西装男轻轻抚摸着尸体的伤口,脸上勾出病态的笑容,满眼都是对自己作品的欣赏。
“ 真抠搜,玫瑰花还薅你家的,你眼光差多少啊,看上这玩意儿。”凌薏嫌弃的撇撇嘴。
咕咕:真有你的……
张宝宝: ……
张宝宝:艹,你大爷的,卫良杰尼玛老子和你拼了,去死去死啊啊啊啊啊啊!!!!一边发疯大叫着,一边疯狂挥动手里的马桶抽子,但都挥出残影了,还是没碰到卫良杰半分。
为什么为什么为什么,碰不到他,我不是死了吗?我不是变成鬼了吗?为什么我碰不到他?为什么!!!告诉我啊!张宝宝转头就朝咕咕愤怒的咆哮,全身的气息有点微变,粘稠感扑面而来,呕——真是令人作呕的味道。
咕咕面无表情正儿八经的一巴掌过去,没有安静,很好,再来几巴掌,啪啪啪——跟放鞭炮似的。
好!!!凌薏非常肯定的鼓起掌。
张宝宝:……你打我干嘛?你凭什么打我?啊!凭……
咕咕眼睛都没眨一下,一把抢过他手里的马桶抽子,就怼他脸上。
张宝宝:唔唔唔唔——
咕咕:凭什么?呵,凭我是你大爹!你给老子老实点,别特么多事,知不知道老子的时间多宝贵,有意见?!就尼玛下去提。
凌薏疑惑举起小手提问:不是客户至上吗?
咕咕:至上个锤子,你给老子发工资吗,没有别放屁!
张宝宝:唔唔唔唔(我要投诉你!)
马桶柚子不知道用没用过,总感觉有股味,恶心得他翻白眼。
咕.钮祜禄.咕:呵呵,想投资我?去啊,爷怂一下叫你爹(地府业务暂时未更新,无本服务,无所吊谓)
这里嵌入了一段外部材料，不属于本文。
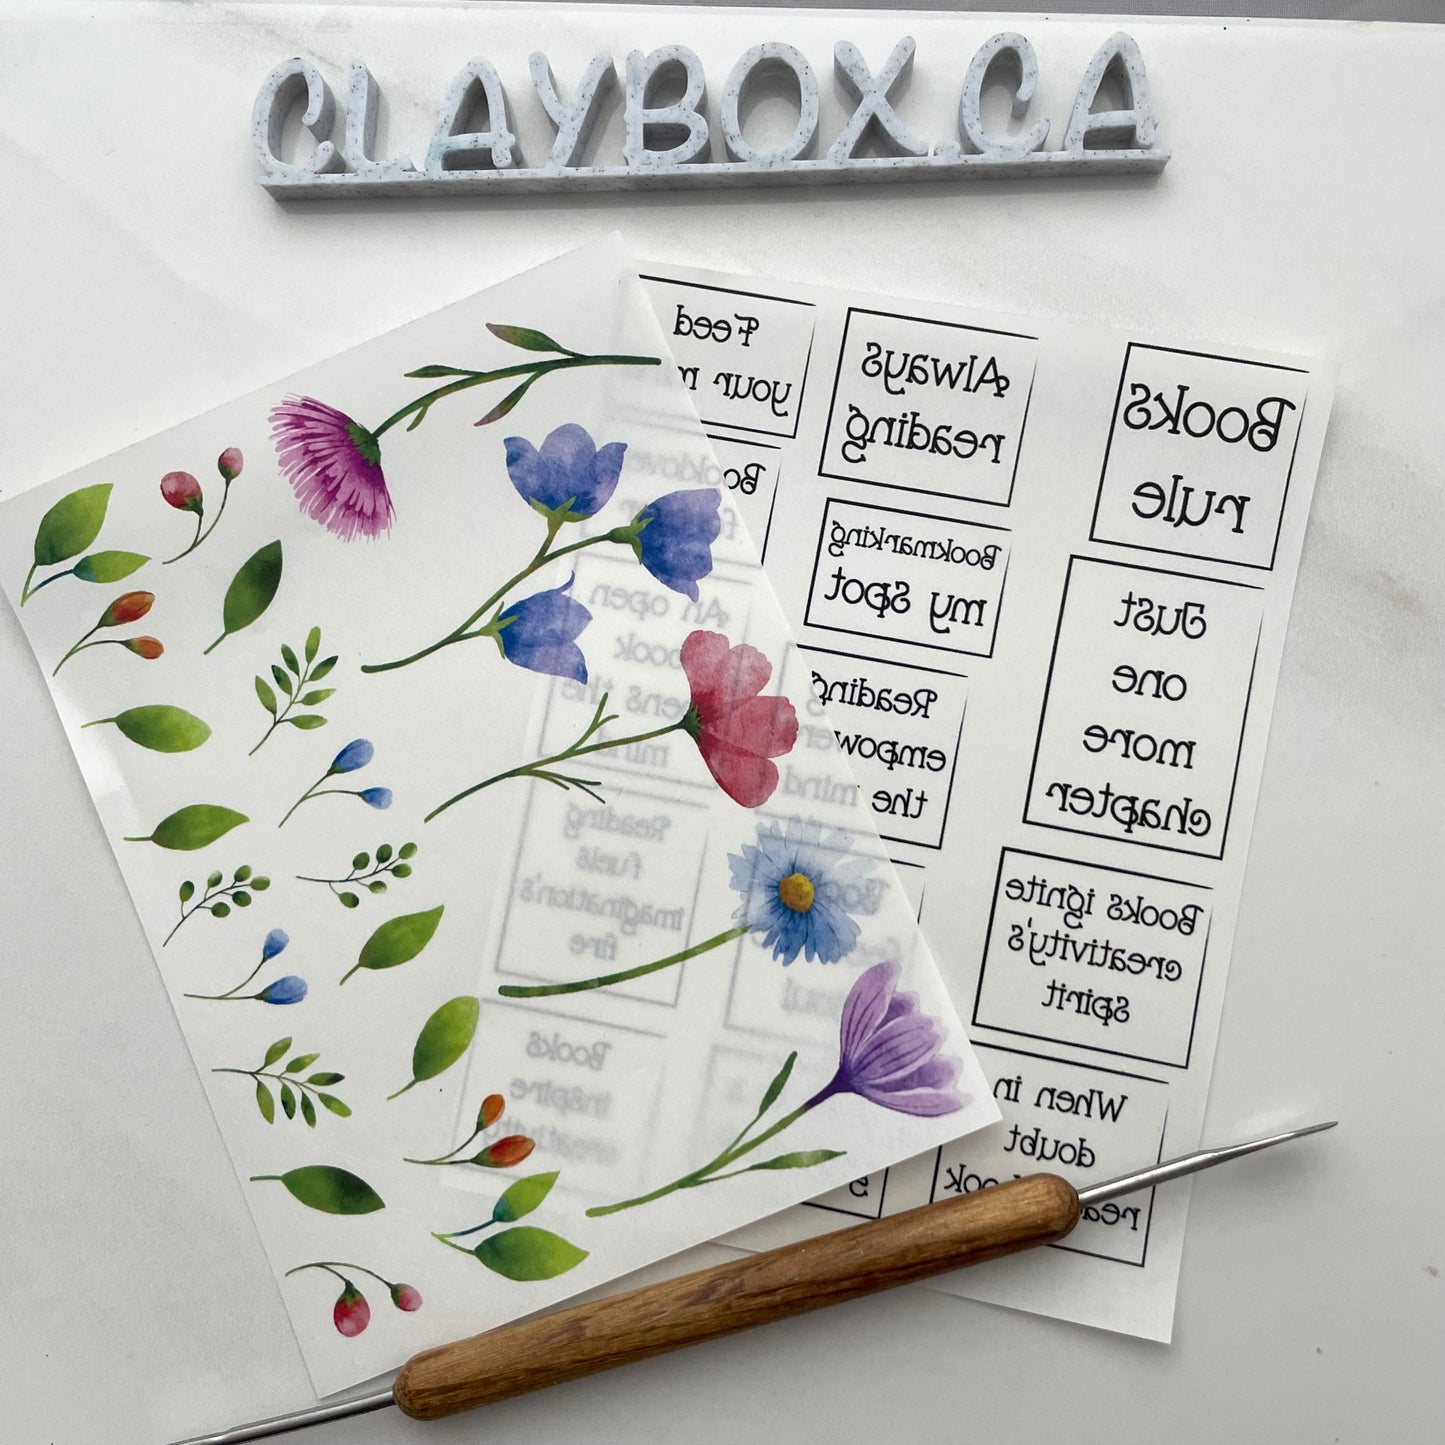 Image transfers - Flower, leaves and phrases for bookmarks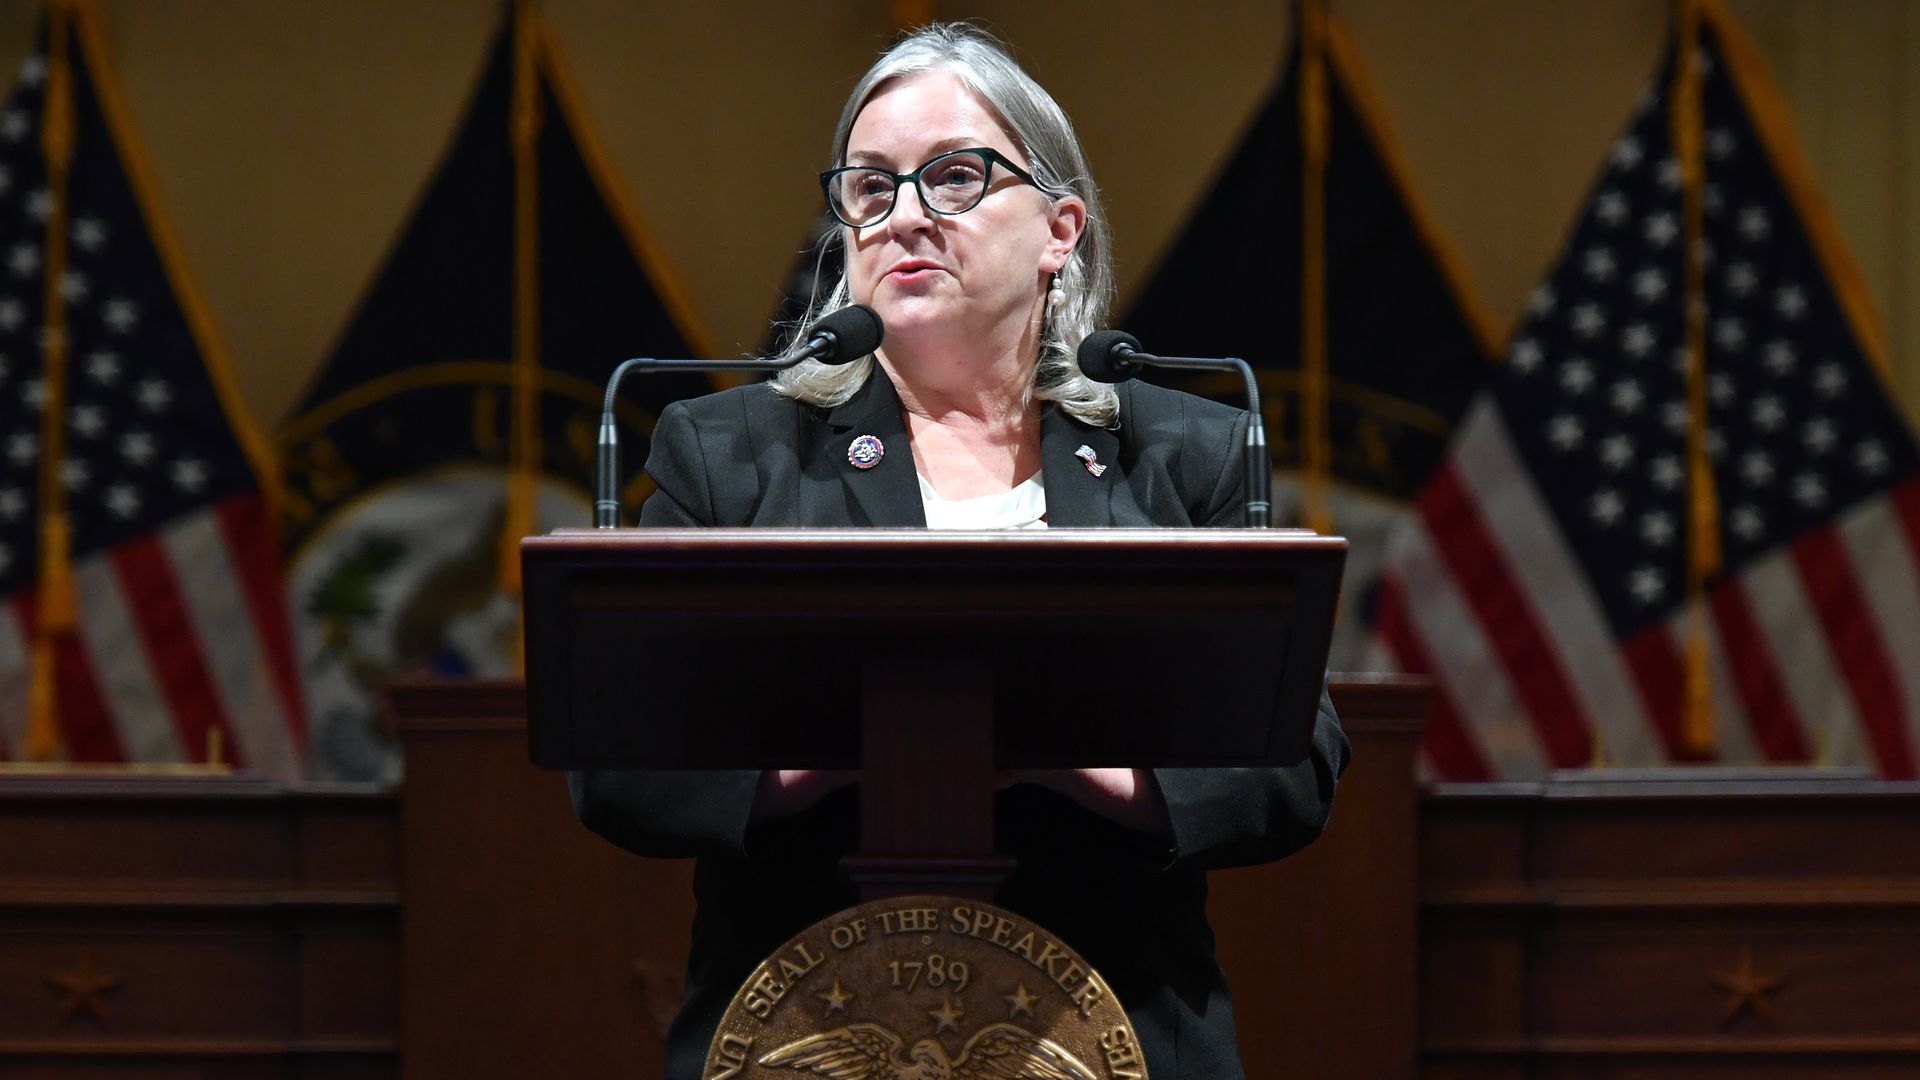 Rep. Susan Wild speaks at a podium wearing a gray suit, white shirt and glasses.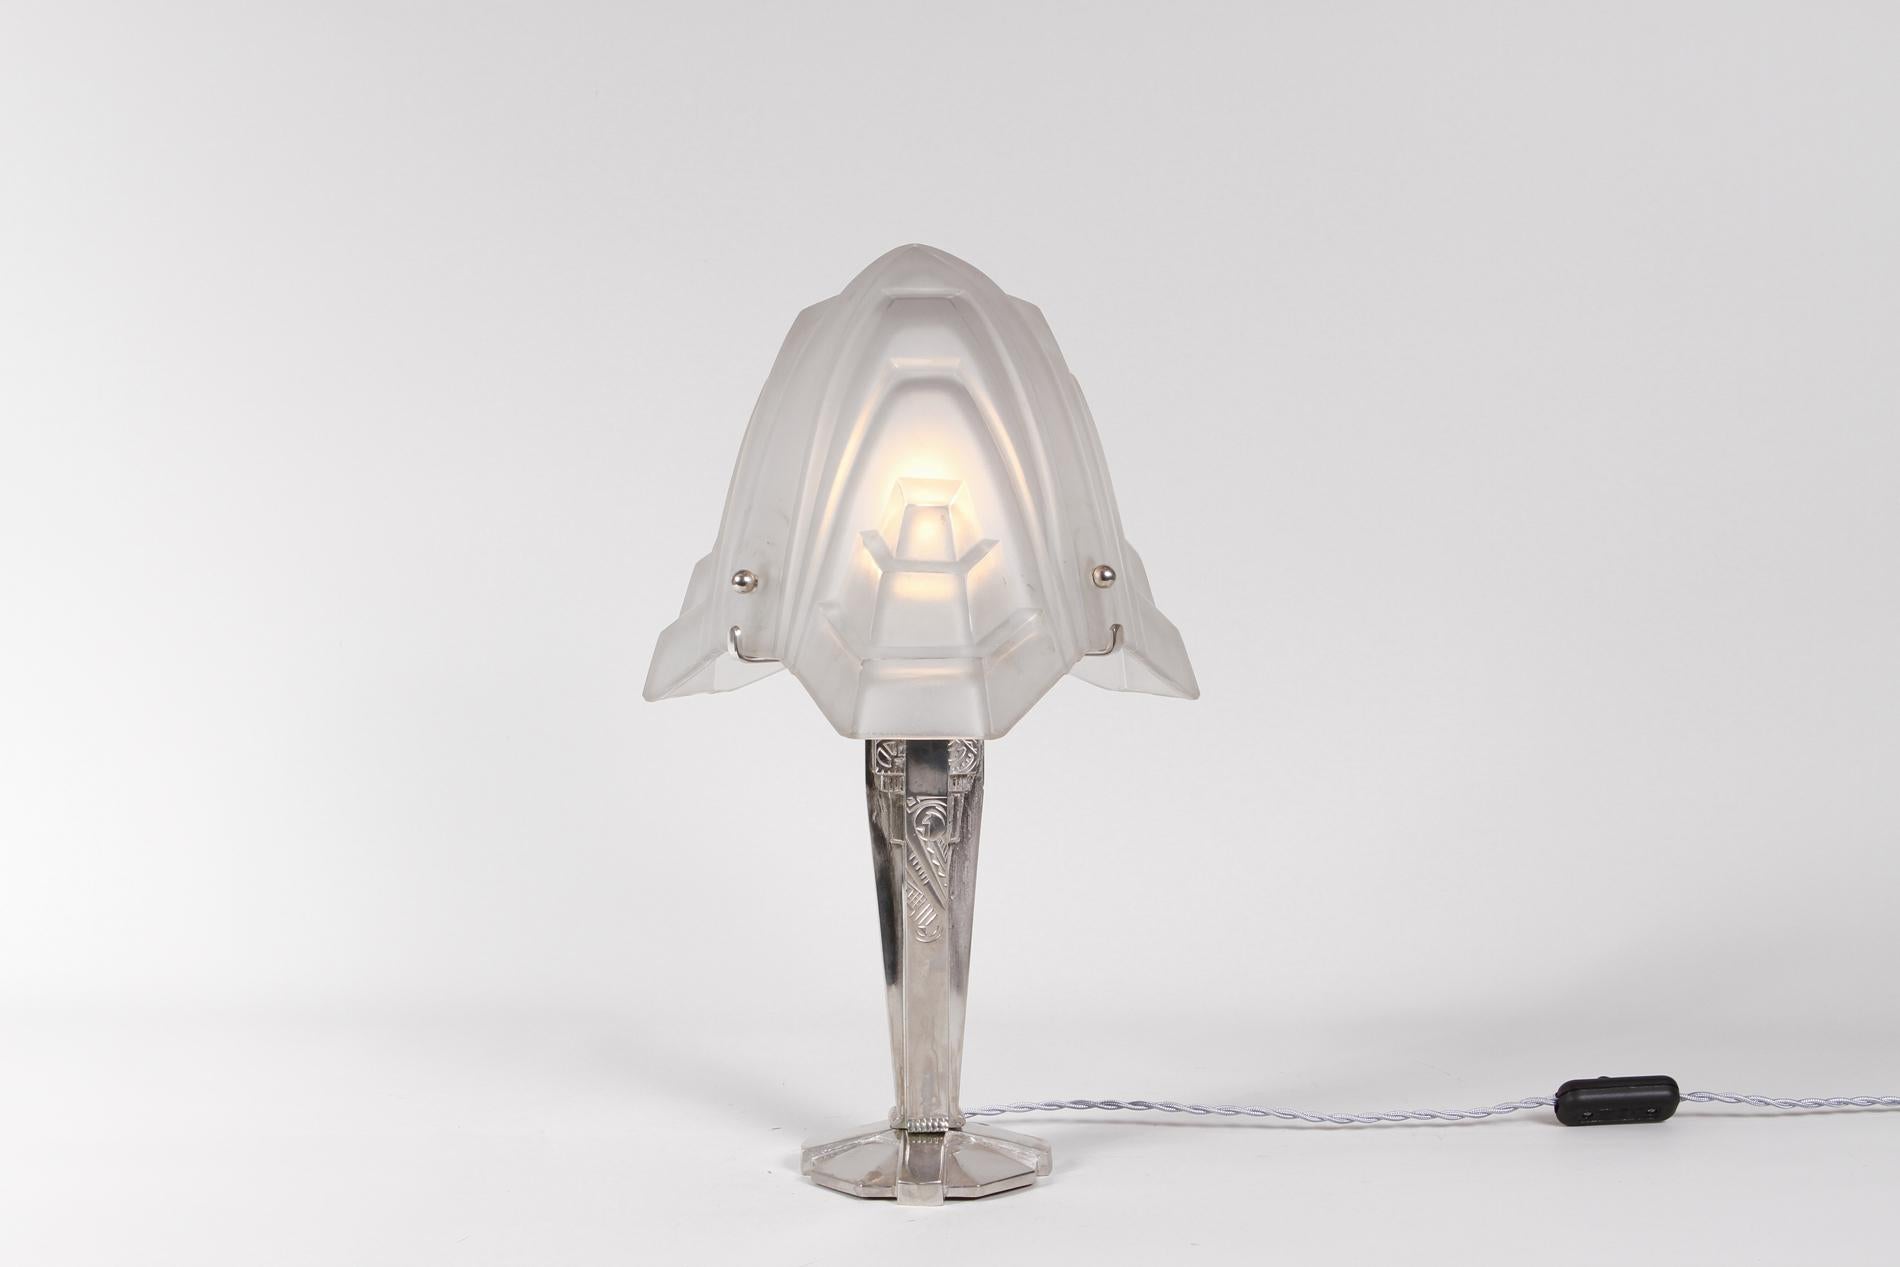 French Art Deco table lamp with nickeled bronze for the base and glass lampshade from Degué, 1930. 

The particularity of the lamp is the shape of the glass, designed like a flower and the base with a delicate flower decor bringing elegant light and

很好,真狂妄,我喜欢!凌薏力挺大拇指,配上现场佳镜,真是出人意料的想发个朋友圈。
不过旁边.看不见的.人,怎么发疯狂叫扭曲也好,反正是一摸黑,不受到任何影响的卫良杰,定定的欣赏了会儿张宝宝扭曲的尸体,便起身拿出手机,对准自己比了个剪刀手,然后一键发送。
图片.jpg
致我逝去的爱人,你一如既往的美丽
我的爱,@张先生
这么狂的吗?!张宝宝看着他行为只能无能的狂怒,在原地挣扎唔咽着,狂飙泪珠子,如果不是被马桶抽子堵着估计怎么都底嗷两声先。
阴阳两隔,你不能再插手他的事,你的事自会有阳间警察来管,走吧。咕咕手里的力量牵扯着跪在地上的张宝宝,硬拉带拽的走往下一个地方。
凌薏看着面前生离死别的场景,内心毫无波澜,脸上却挂着笑,可能在嘲笑人性之愚蠢和无能吧。在走之前悄摸着往卫良杰的身上摸了摸,一股子刺骨地寒意爬上卫良杰的背后,看着他后脖梗冒起一阵鸡皮疙瘩,兴奋的抖个机灵。
“喂喂喂,走了啊,你干嘛呢?”
“来了来了”
咕咕怀念凌薏肯定没干好事,“你刚刚在干嘛,别多事我告诉你啊!”
“你别胡说八道,我刚刚在思考好吗”凌薏一本正经的,丝毫不心虚刚才的举动。
“最好是!”
咕咕警告地瞪了眼她,内心烦躁不安,该死的周扒皮,假期还奴役本凤雏,单身狗没人爱,哼哼,吾的小凤妹妹啊,一定要等哥回去呜呜……
……
等路过熟悉的白光后,就来到家餐饮小店,现场干净的不像话,桌椅摆放整齐,墙上的海报微微褪色却板正的,看着纸上的清新画风想来一定是个女孩子吧。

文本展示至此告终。